--- Information shown ---
▬▬▬

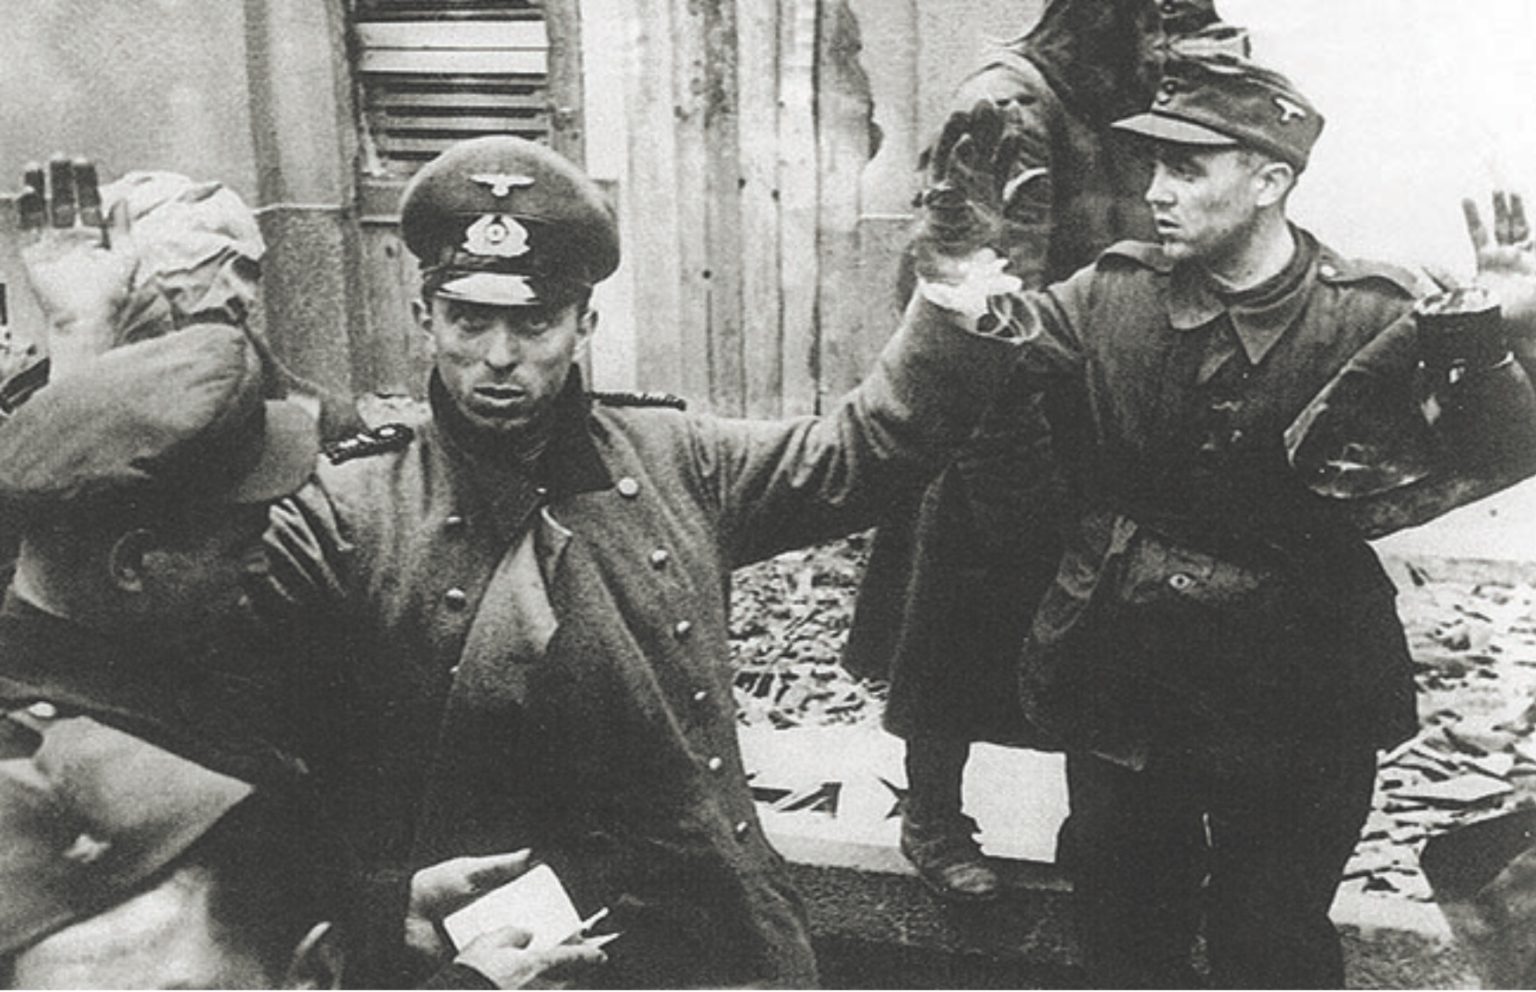 Первое крупное поражение германии. Немецкие солдаты сдаются в плен 1945. Берлин 1945 немцы сдаются в плен. Дивизия Нордланд Берлин 1945. Немецкие солдаты сдаются в плен в Берлине.
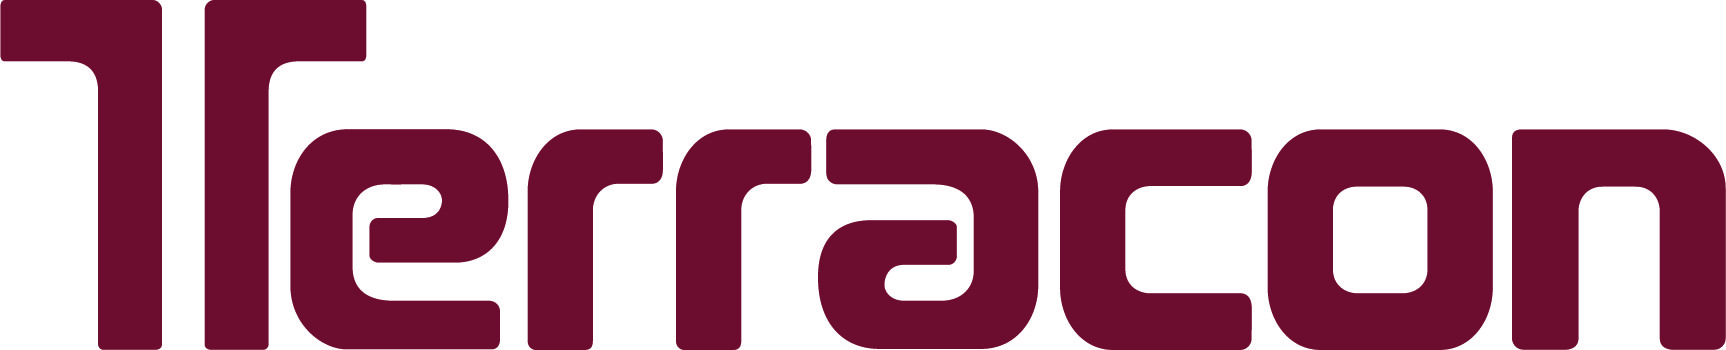 Logo - Terracon
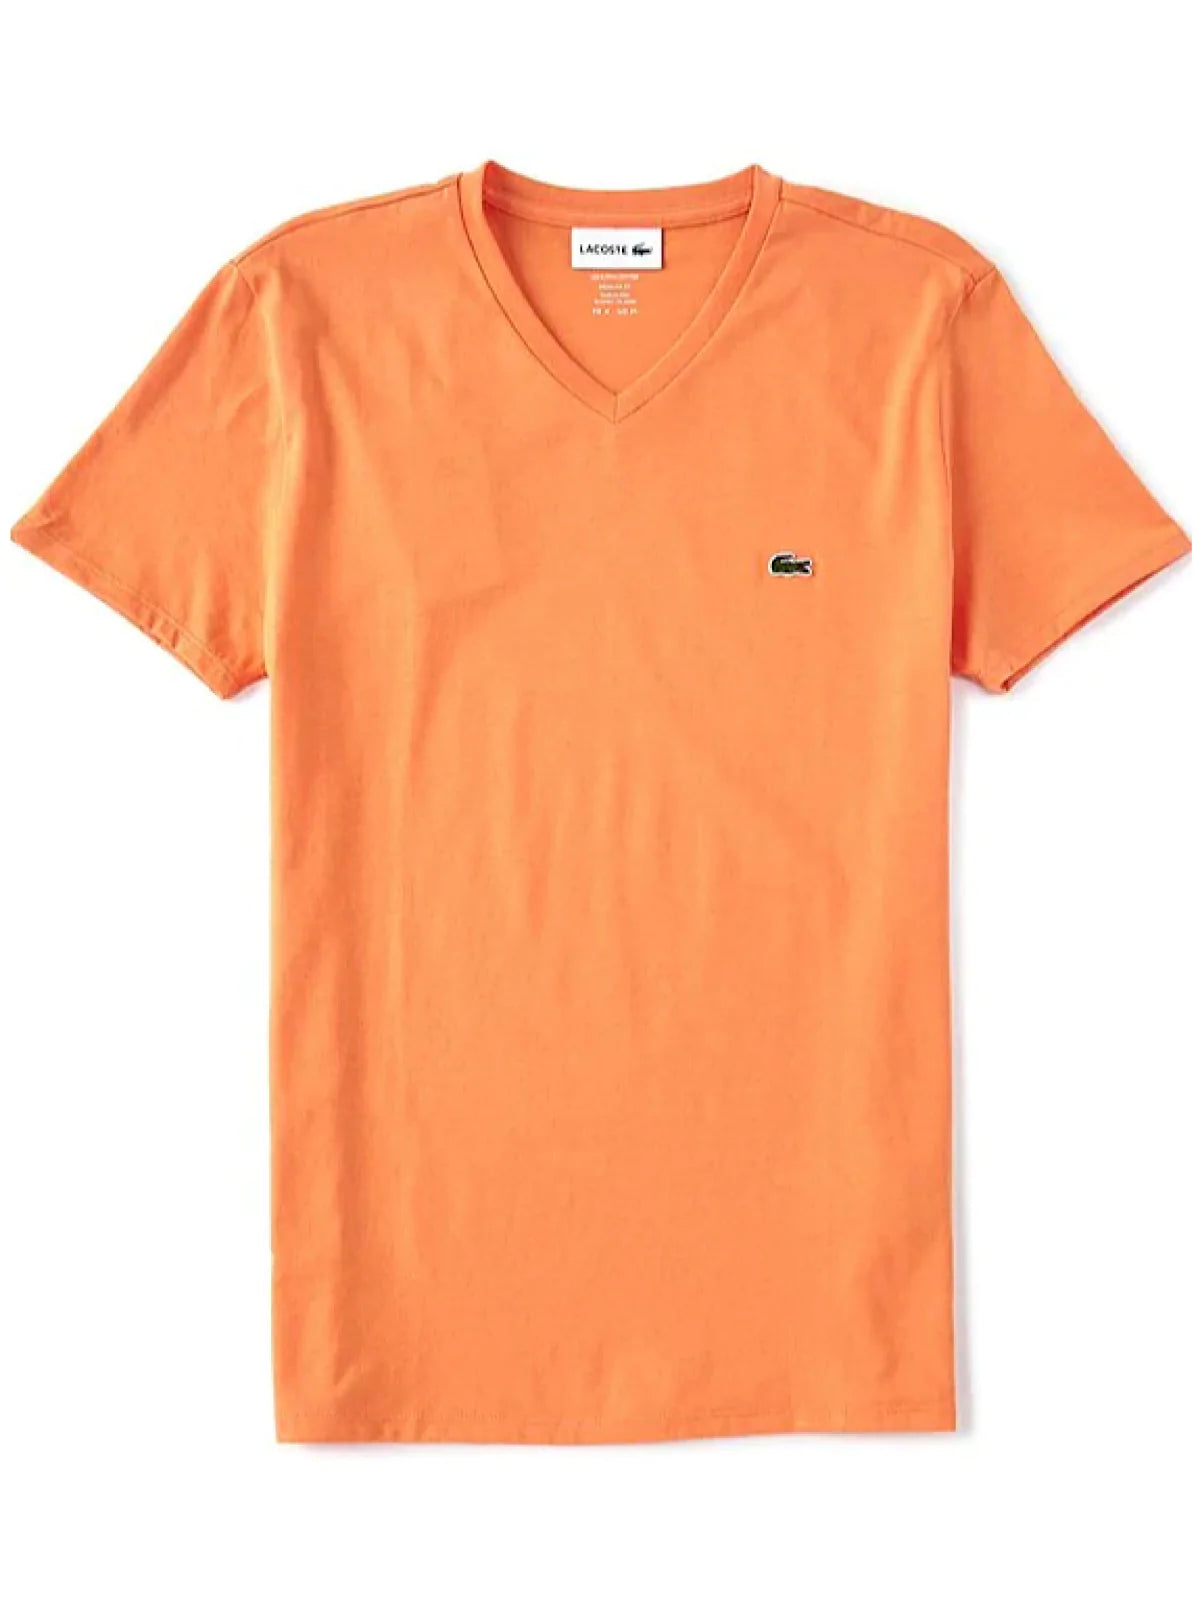 Men's V-neck Pima Cotton Jersey T-shirt - Orange NPB

▬▬▬

--- Task details ---
Your copy of the data should match it exactly, apart from the images, which are omitted.

--- Answer area ---
 Первое крупное поражение германии. Немецкие солдаты сдаются в плен 1945. Берлин 1945 немцы сдаются в плен. Дивизия Нордланд Берлин 1945. Немецкие солдаты сдаются в плен в Берлине.
 Logo - Terracon
 Men's V-neck Pima Cotton Jersey T-shirt - Orange NPB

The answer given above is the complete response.